◆ **Task directions**: There are pictures in the records below; leave them out and set down exactly the lines from the one holding "white quartz counter" through the one holding "Download Flower Art".

◆ **Raw data**:
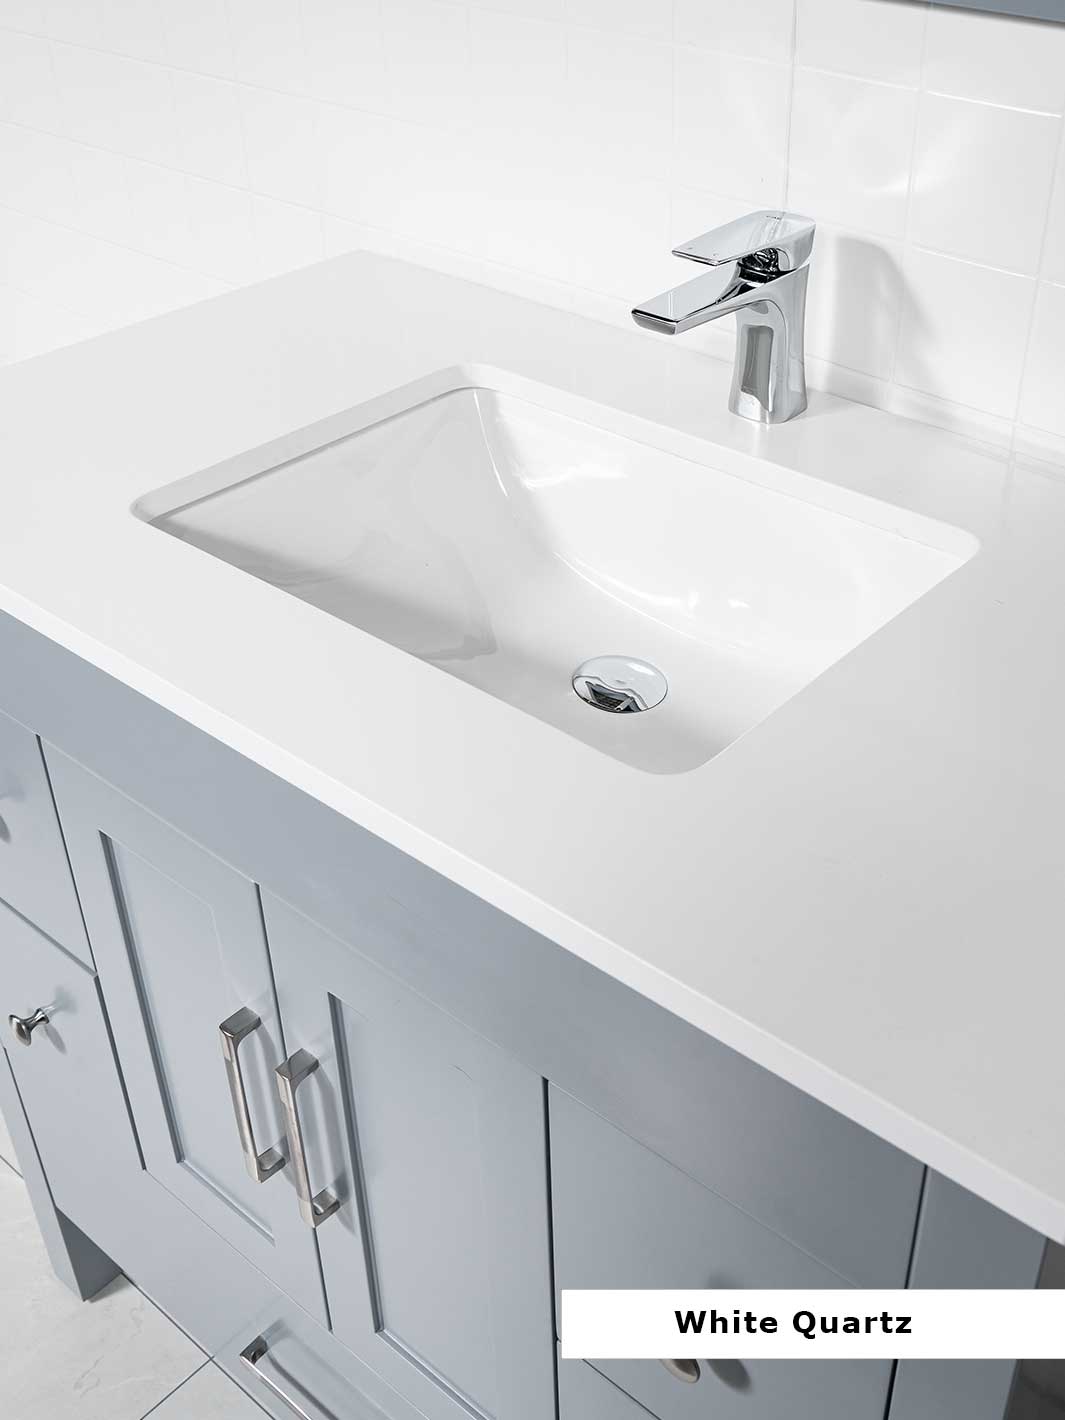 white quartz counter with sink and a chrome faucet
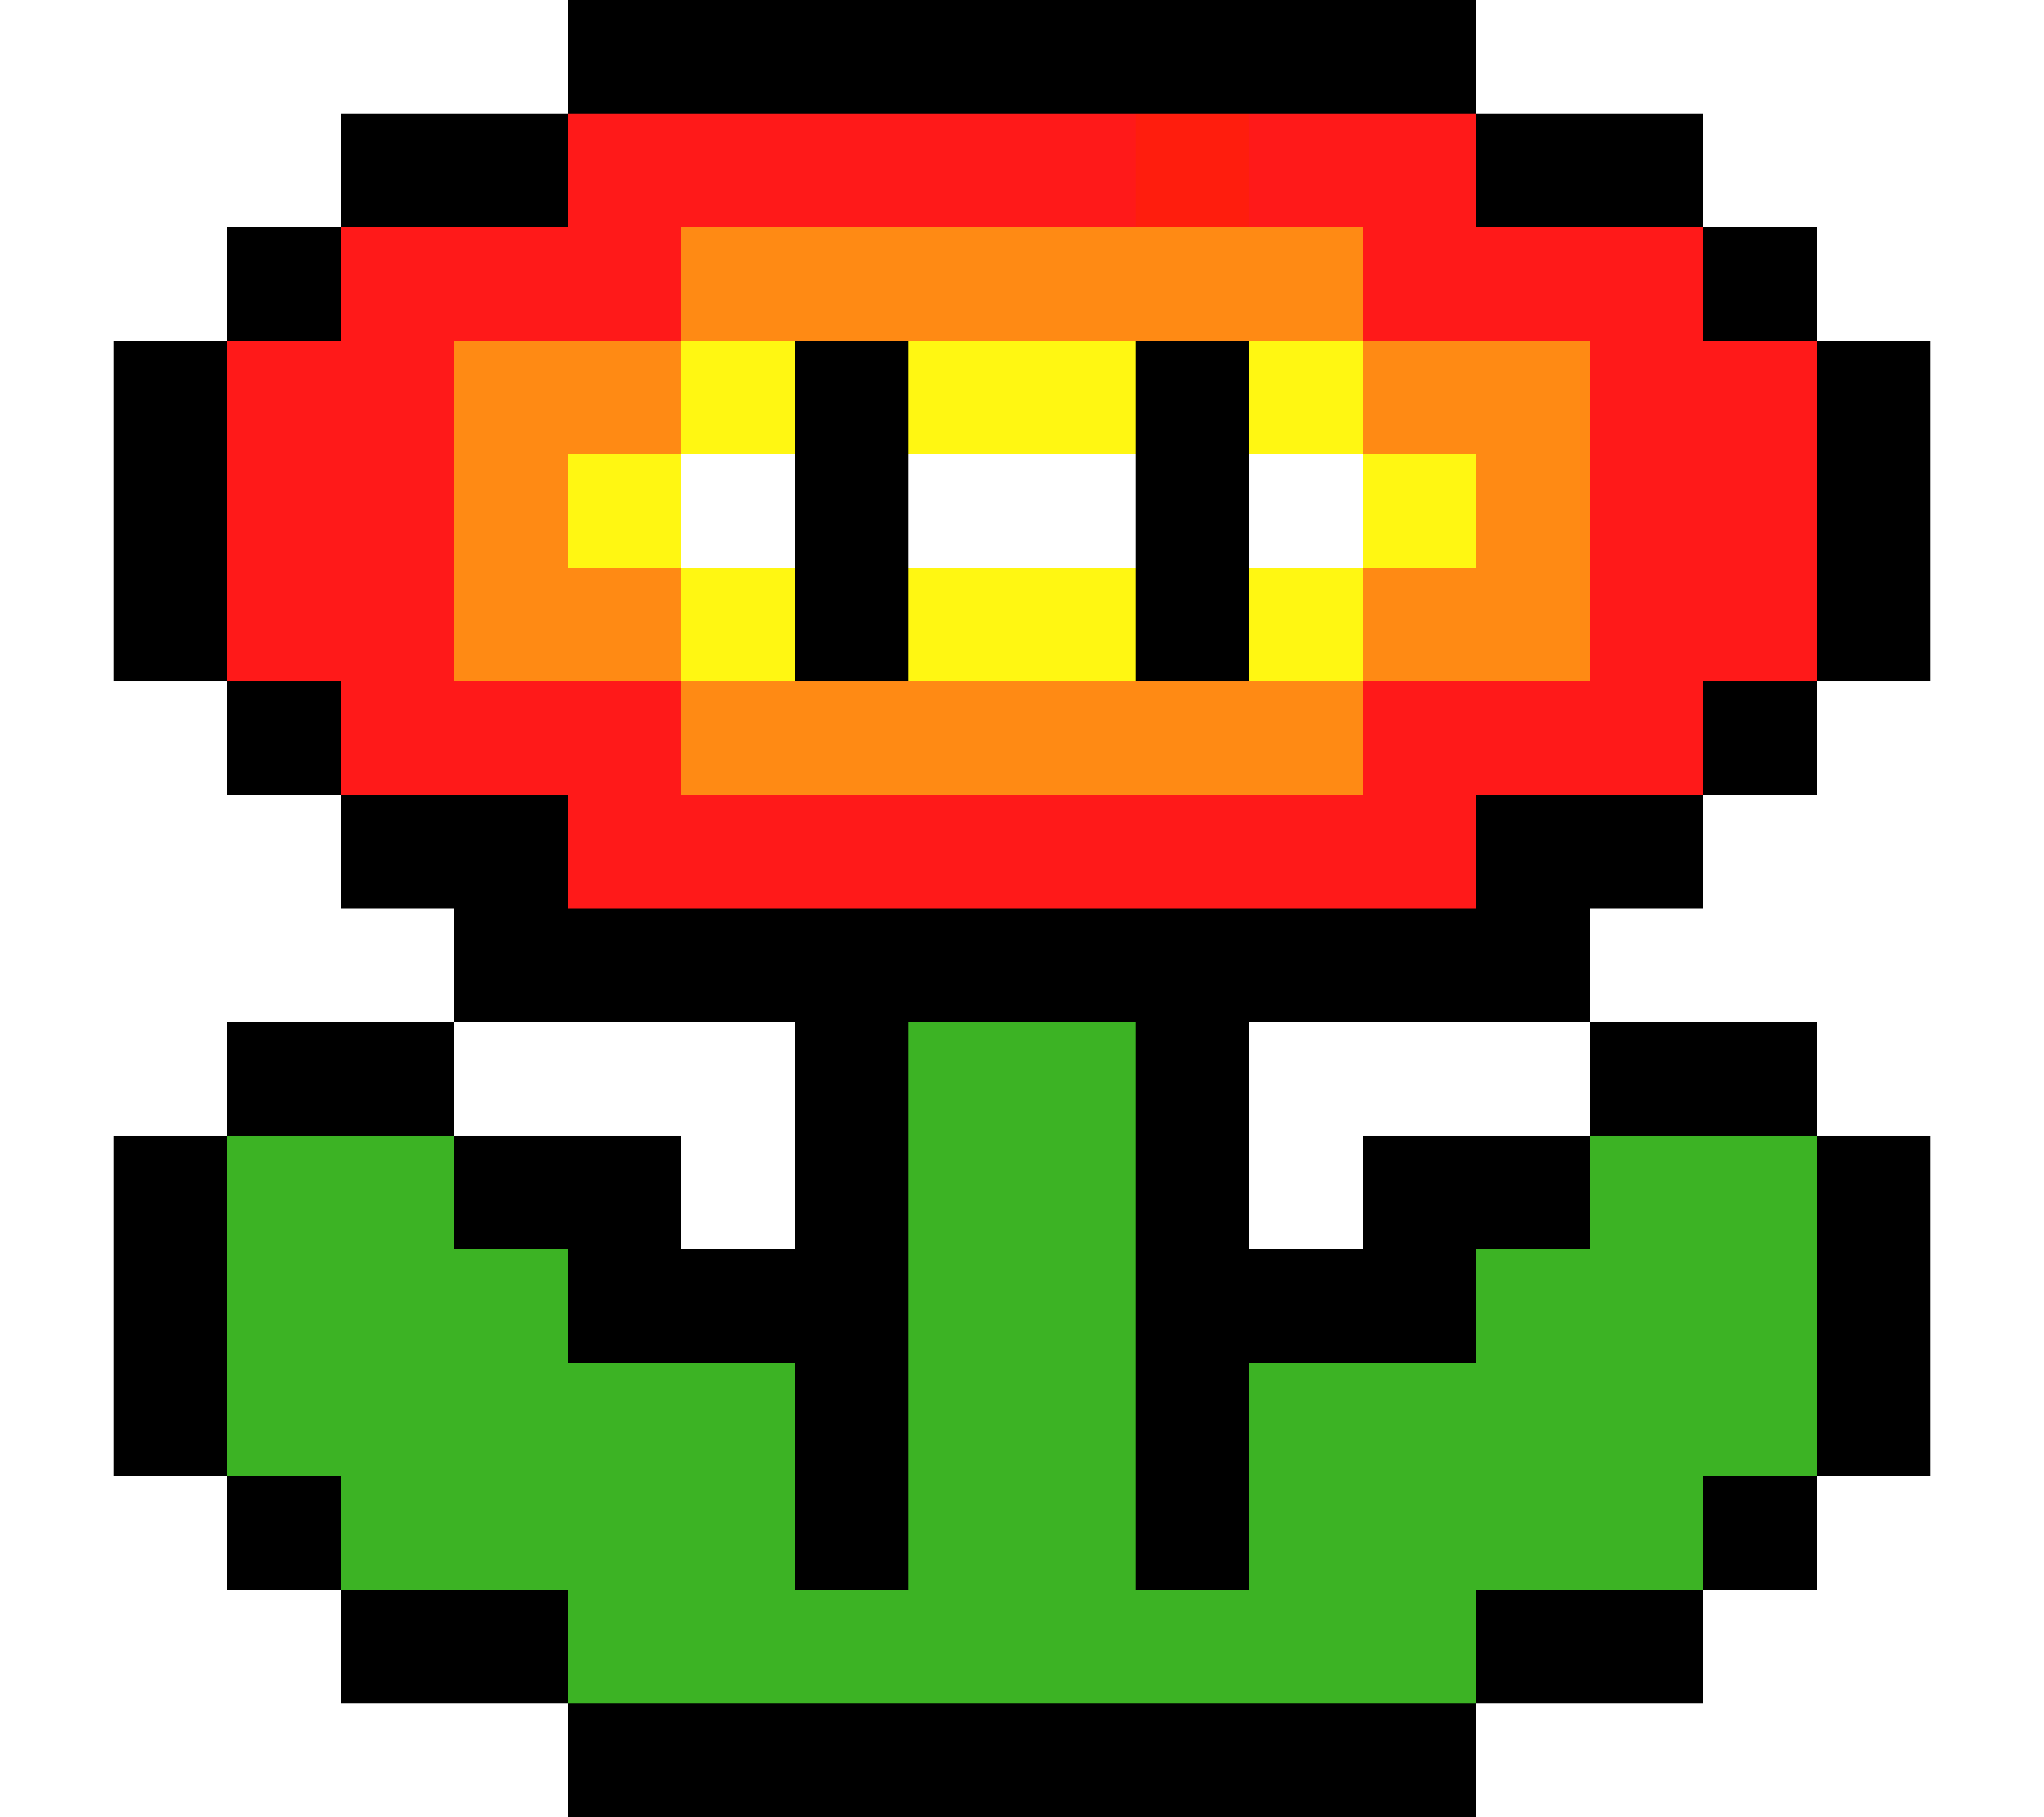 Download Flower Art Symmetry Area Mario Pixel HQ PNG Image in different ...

==

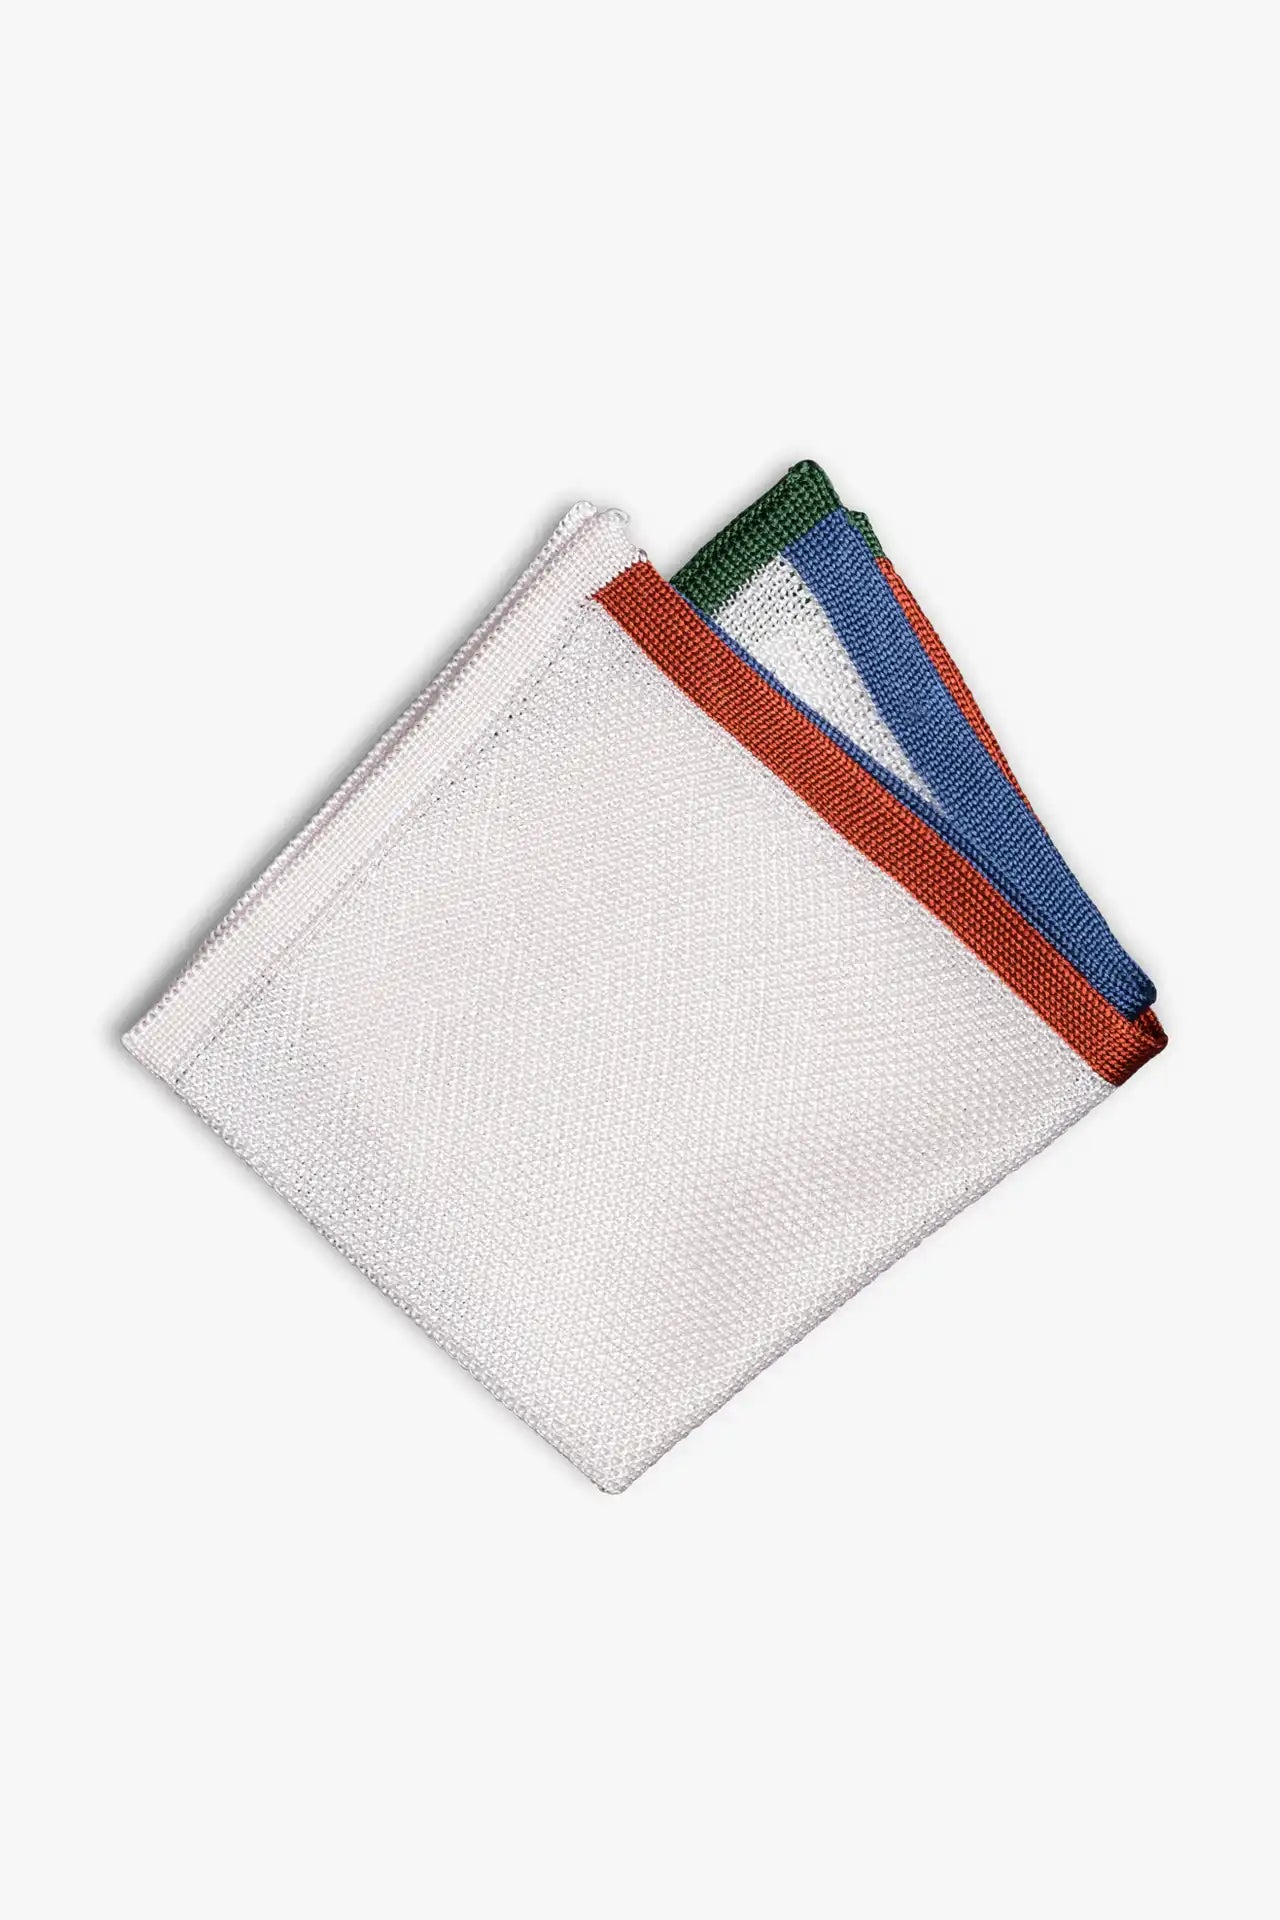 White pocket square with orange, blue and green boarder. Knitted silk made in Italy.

◆ **Response to this exercise**:
 white quartz counter with sink and a chrome faucet
 Download Flower Art Symmetry Area Mario Pixel HQ PNG Image in different ...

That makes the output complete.